Her politburo seat was thought to be earmarked for another woman after she stepped down, with two candidates named as likely frontrunners.
But in a weekend of disturbing surprises, including the manhandling of former President Hu Jintao off the stage, the CCP revealed an all-male Politburo.
“Chinese women have been excluded from the centre of political power at both local and central levels,” said Hsiu-hua Shen, professor of Sociology at Taiwan’s National Tsing Hua University, before the conference closed.
“Without specific affirmative actions … it is very difficult for Chinese women to be able to enter political systems and shape policies.”
An uneasy relationship
The party was formed during a civil war, in a highly patriarchal society and has been based on “masculine violence” and power struggles since its establishment, Shen added.
The CCP has nearly 100 million members, but less than a third of the rank and file are women, and the numbers thin out, the higher up its ranks you climb.
“China’s patriarchal political structure limits women’s upward mobility,” said Pan Wang, senior lecturer in Chinese and Asian studies at the University of New South Wales.
“From the bottom to the top of the pyramid, women get fewer at each step of the hierarchy (from CCP members, to the party congress, central committee and the politburo). This can create biases in the nomination and selection process for leading positions in the party/state.”
Chinese women are held back by a variety of factors, Pan said. They include cultural expectations that women do more in the home, a career structure that forces them to retire earlier than men, just as they might be reaching their professional peak, and education and socialisation that discourages them from political ambitions.
The CCP has always had an uneasy relationship with feminists, in part because Communists claim to have liberated women themselves. Mao’s slogan “women hold up half the sky” became famous as half-tribute, half-promise to China’s women.
That makes any woman still fighting for her rights potentially subversive, particularly at a time when Xi is openly distrustful of any civil organising.

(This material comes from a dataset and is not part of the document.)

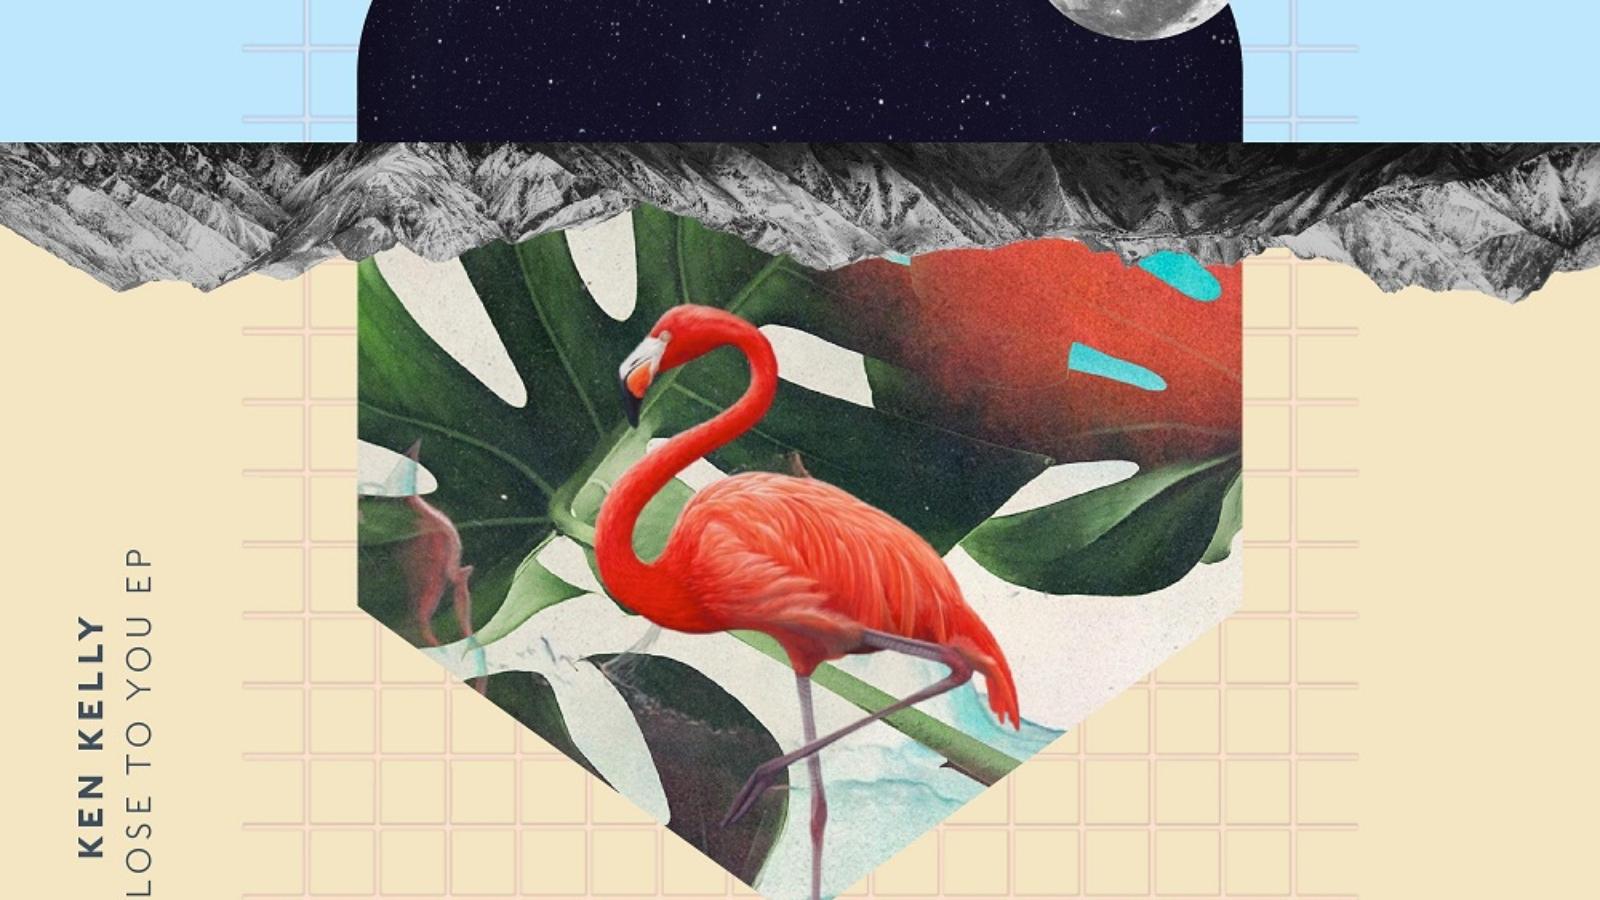 Ken_Kelly_-_Close_To_You_artwork

There have been repeated crackdowns on feminists, including arrests of women protesting against issues that do not obviously challenge the political system, such as sexual harassment. China’s #MeToo movement has made little progress.
Among the ranks of assembled dignitaries at the Party congress was Zhang Gaoli, the former vice-premier whom tennis champion Peng Shuai publicly accused of sexual assault last year.
Peng went missing for weeks after making her accusations on social media. She was eventually seen in public after a high-profile international campaign, organised under the hashtag #WhereIsPengShuai, but has since kept a very low profile and said her post was misunderstood, while he still commands the political stage.
“The CCP is still quite traditional when it comes to women at the very top. Recent crackdowns on feminist activists have further signalled a more traditionalist and conservative line,” said Mary Gallagher, professor of democracy, democratization and human rights at the University of Michigan.
Communism made it easier for women to get an education and join the workforce, but as in many other countries they were still expected to do the majority of domestic work, a “double shift” that is tiring and limits career opportunities.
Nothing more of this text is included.